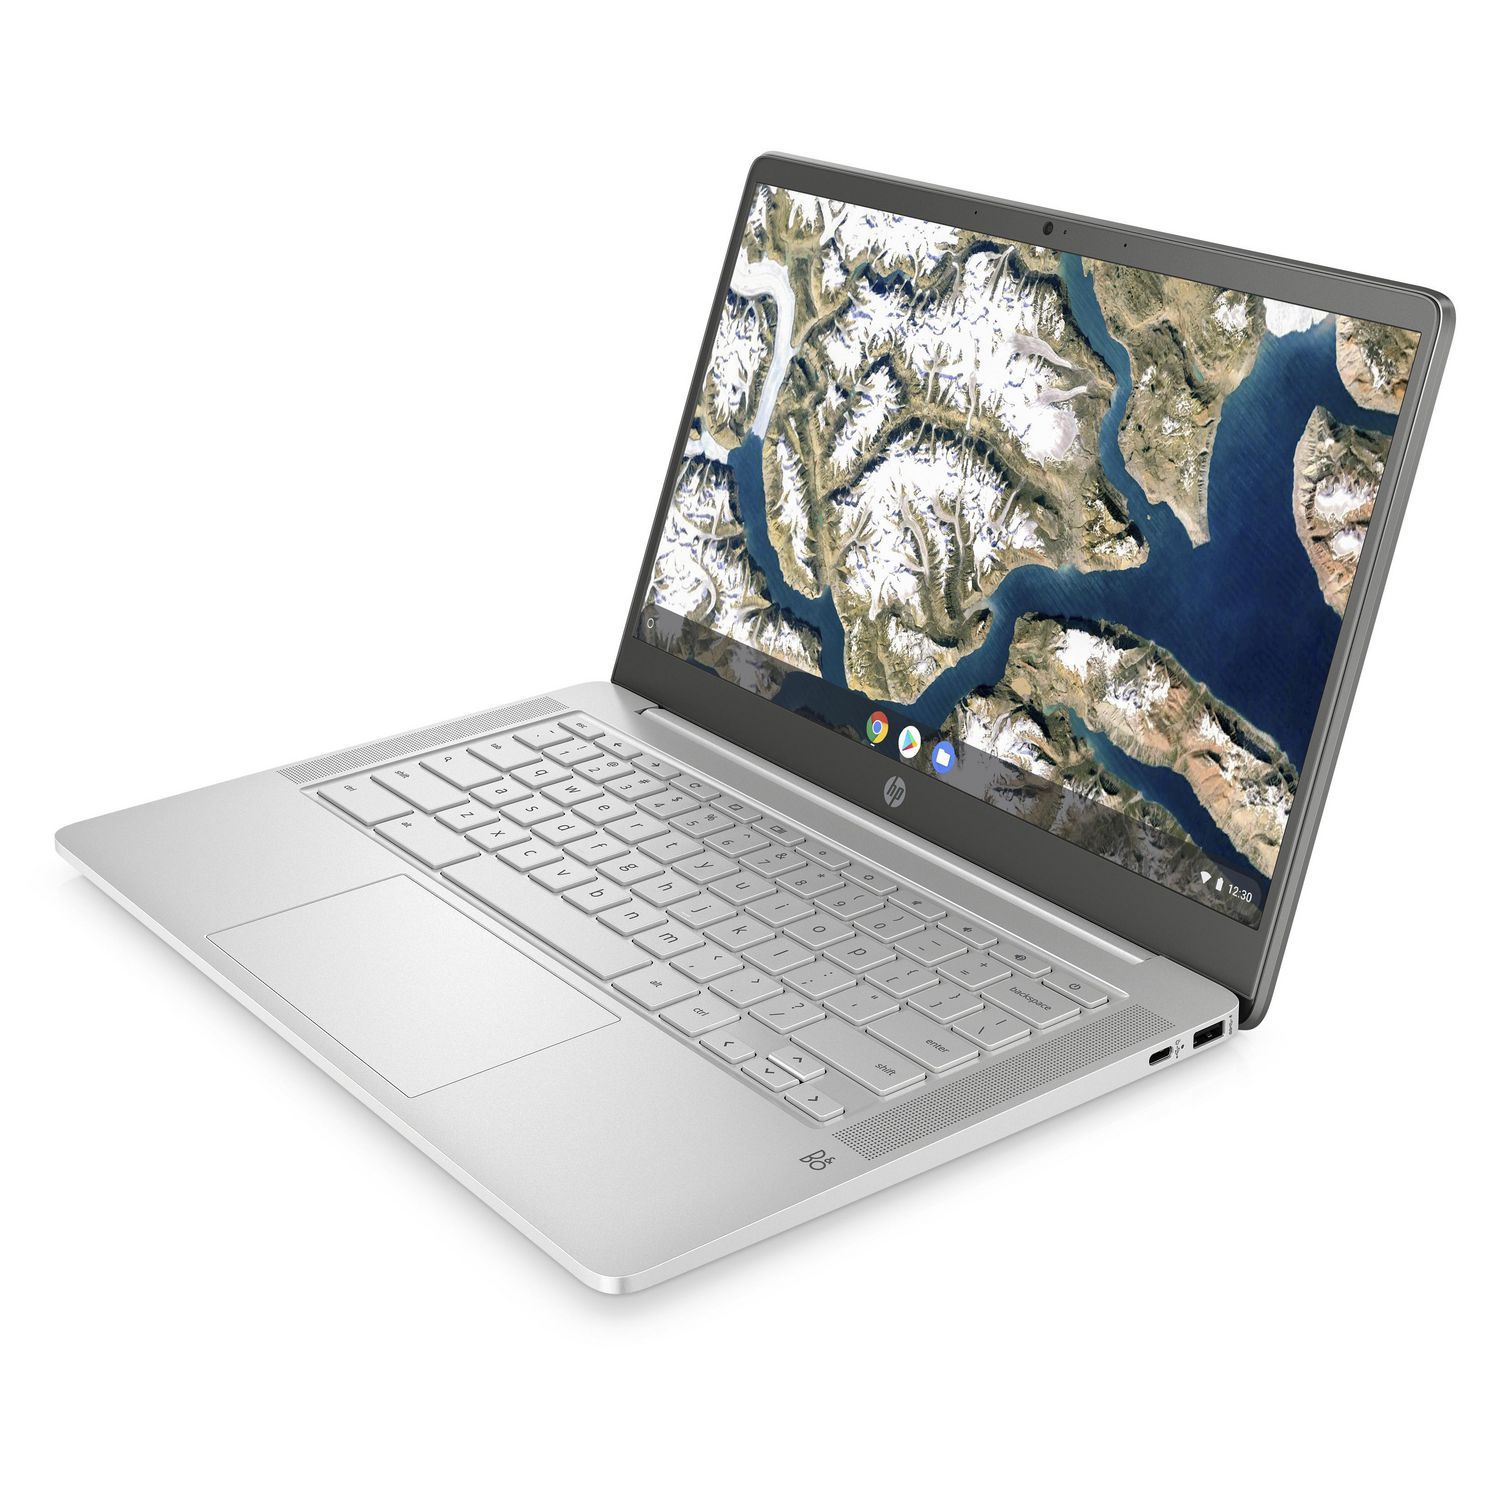 Refurbished (Good) - HP Chromebook 14a-na0010ca 14" Laptop, Intel Celeron N4000, 4GB RAM, 64GB eMMC, Mineral Silver
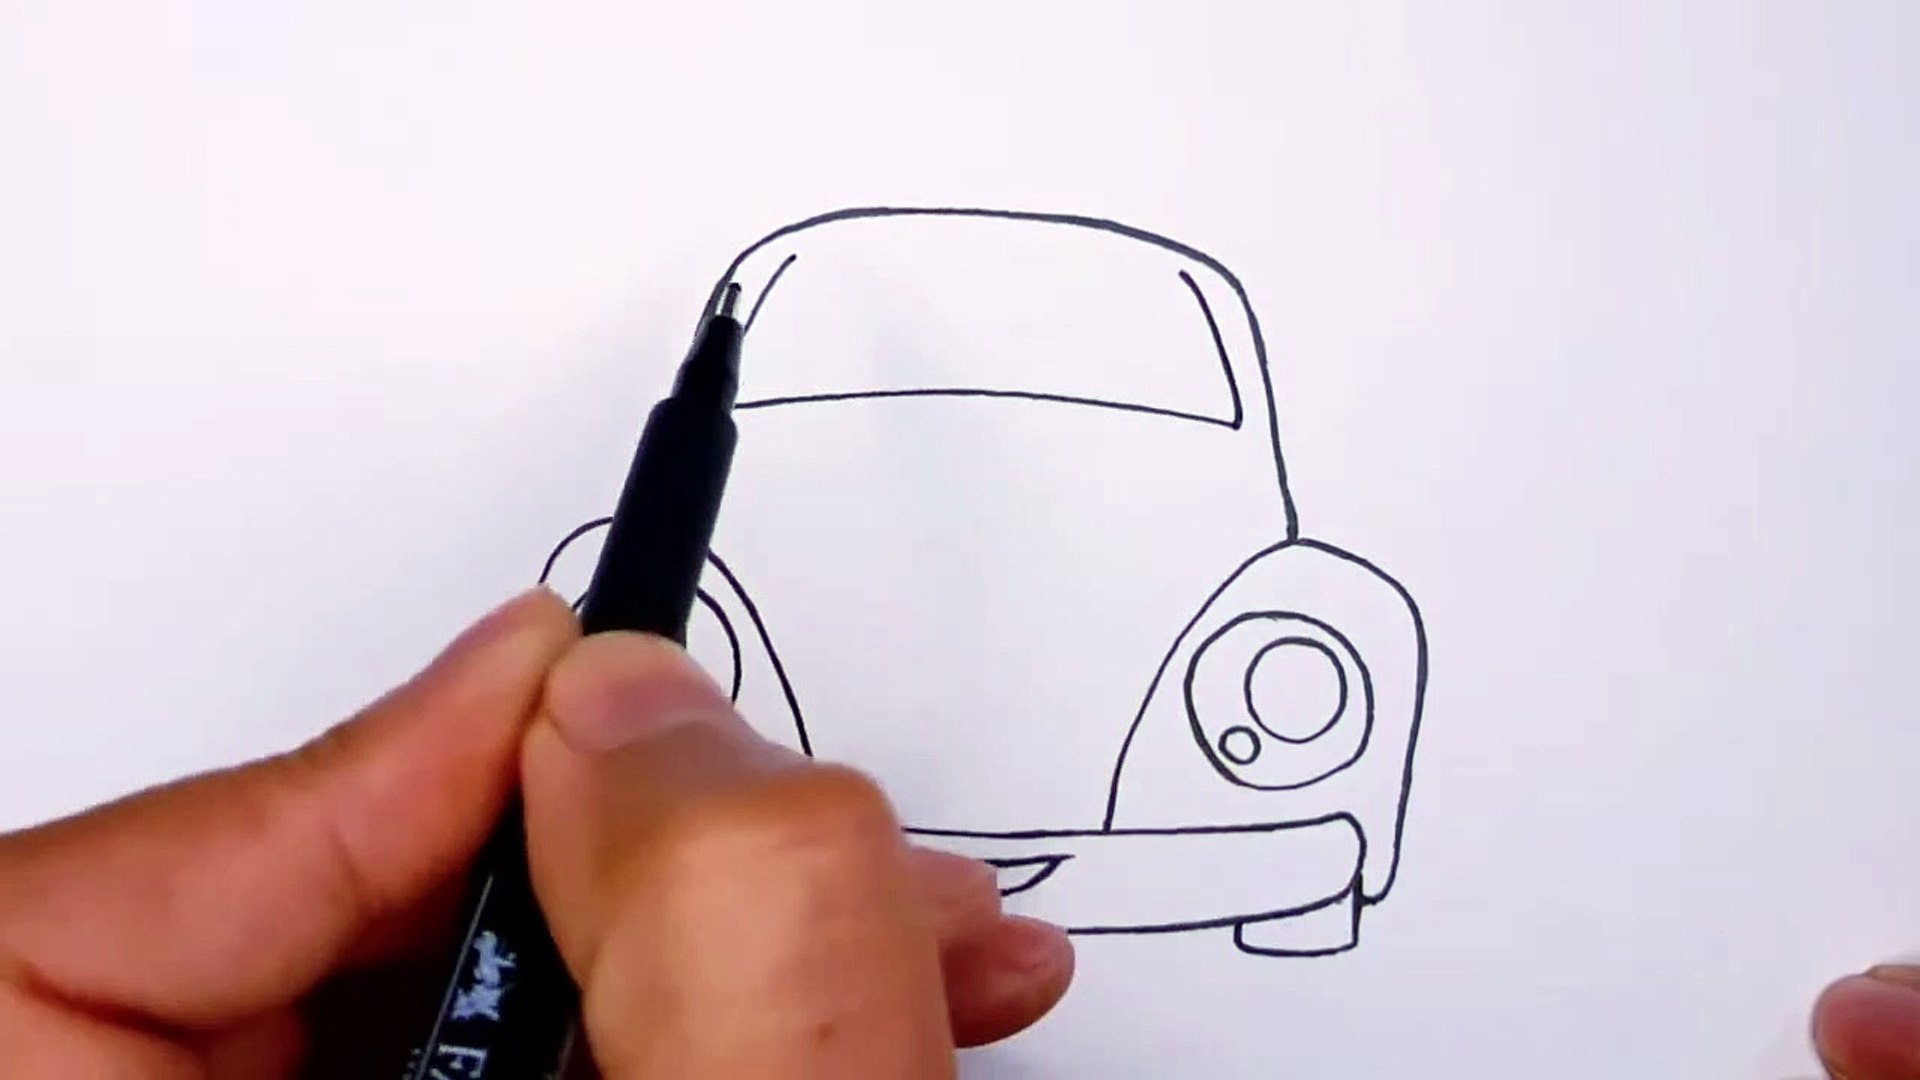 رسم سهل | كيفية رسم سيارة بطريقة سهلة مع التلوين | رسم بالرصاص | كراسات رسم  | تعليم الرسم - video Dailymotion
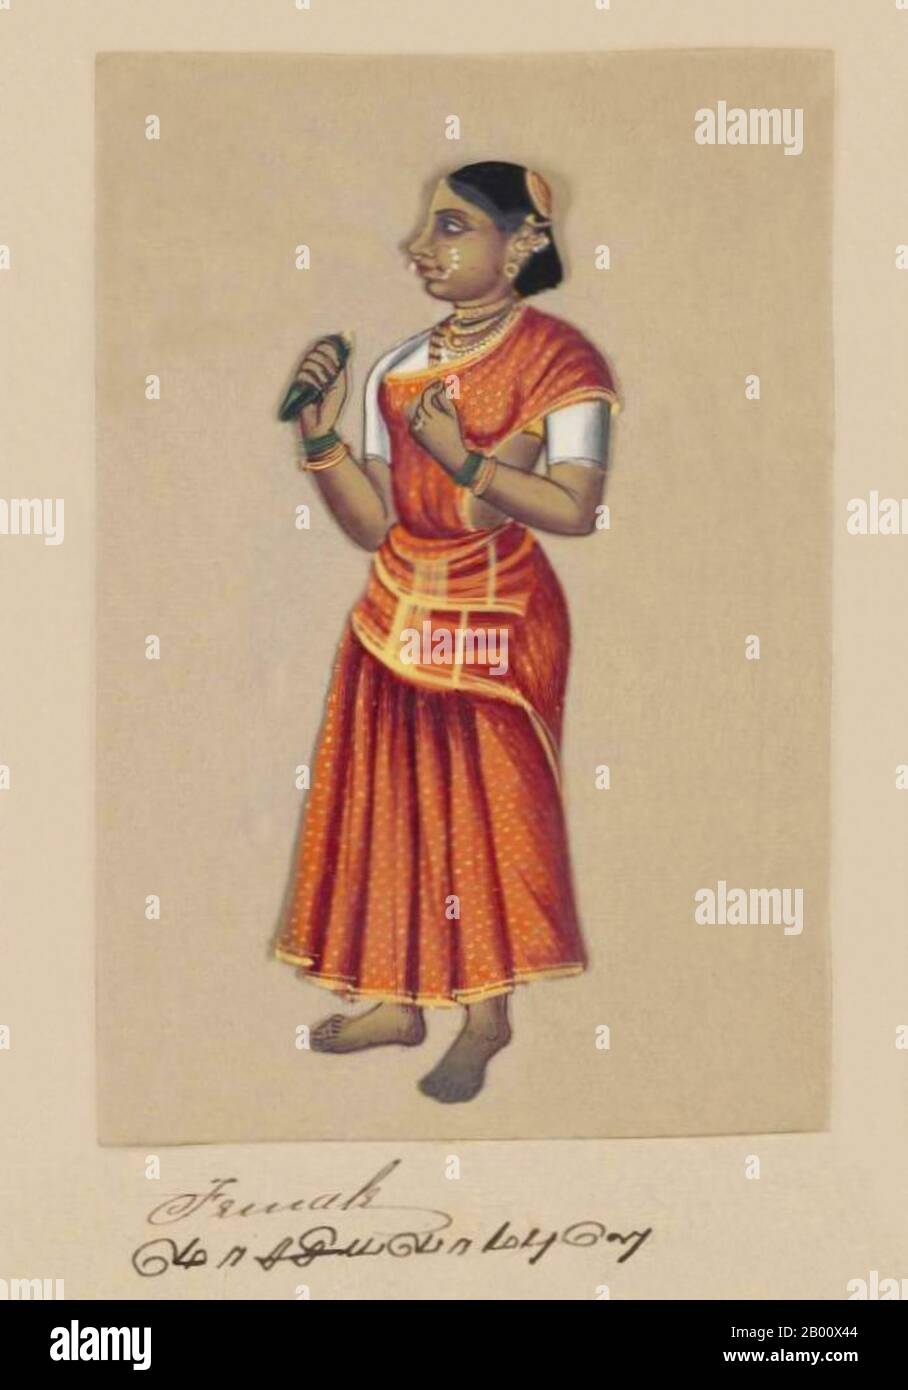 Indien: 'Eine Indische Frau'. Handkoloriertes Bild auf einem dünnen Glimmerblatt aus einem Manuskript mit dem Titel: „zweiundsiebzig Kastenexemplare ‘sIndien“ (Madura, Südindien: 1837). Das vollständige Buch besteht aus 72 handbemalten Bildern von Männern und Frauen der verschiedenen Kasten und religiösen und ethnischen Gruppen, die in Madura, Tamil Nadu, damals gefunden wurden. Das Manuskript zeigt indische Kleider- und Schmuckverzierungen in der Madura-Region, wie sie vor dem Beginn westlicher Einflüsse auf südasiatische Kleidung und Stil erschienen. Jedes Bildnis ist in Englisch und in Tamil untertipptelt. Stockfoto
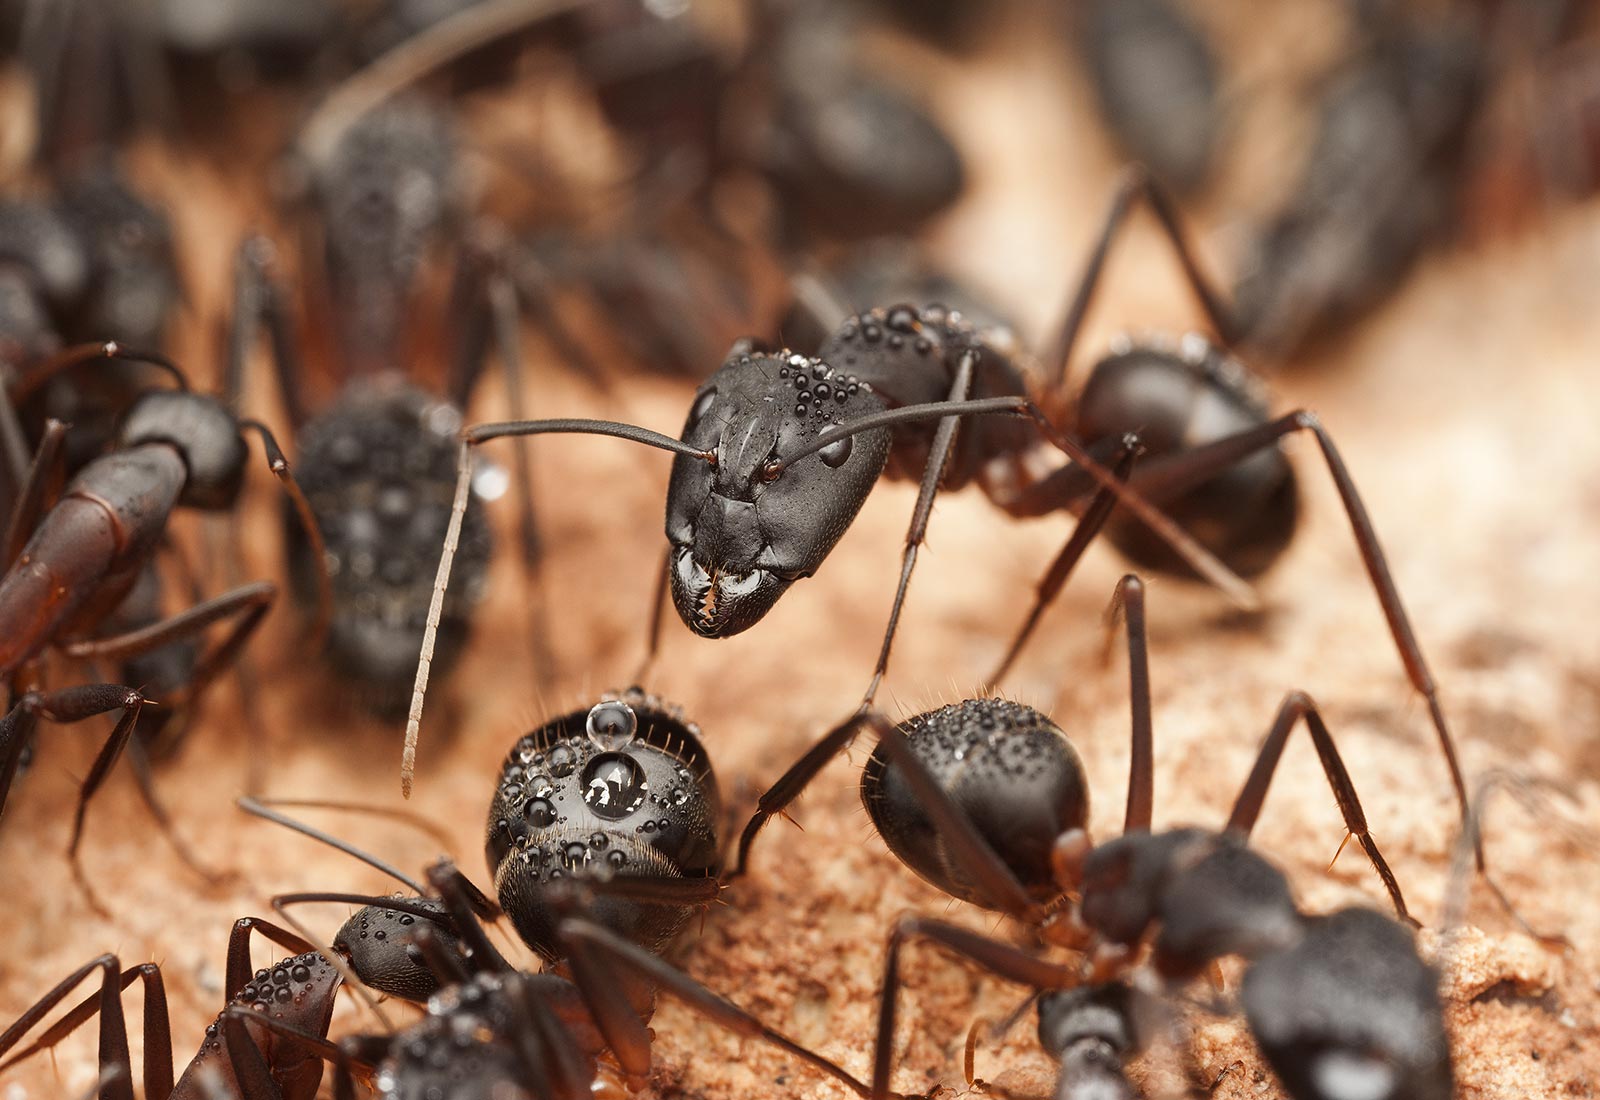 Odorous Ants

# # # #

The line containing "رسم سهل | كيفية" marks the end; please output exactly the lines of the listing above from its first line through that line, without pictures.

Exercise output
 Refurbished (Good) - HP Chromebook 14a-na0010ca 14" Laptop, Intel Celeron N4000, 4GB RAM, 64GB eMMC, Mineral Silver
 رسم سهل | كيفية رسم سيارة بطريقة سهلة مع التلوين | رسم بالرصاص | كراسات رسم  | تعليم الرسم - video Dailymotion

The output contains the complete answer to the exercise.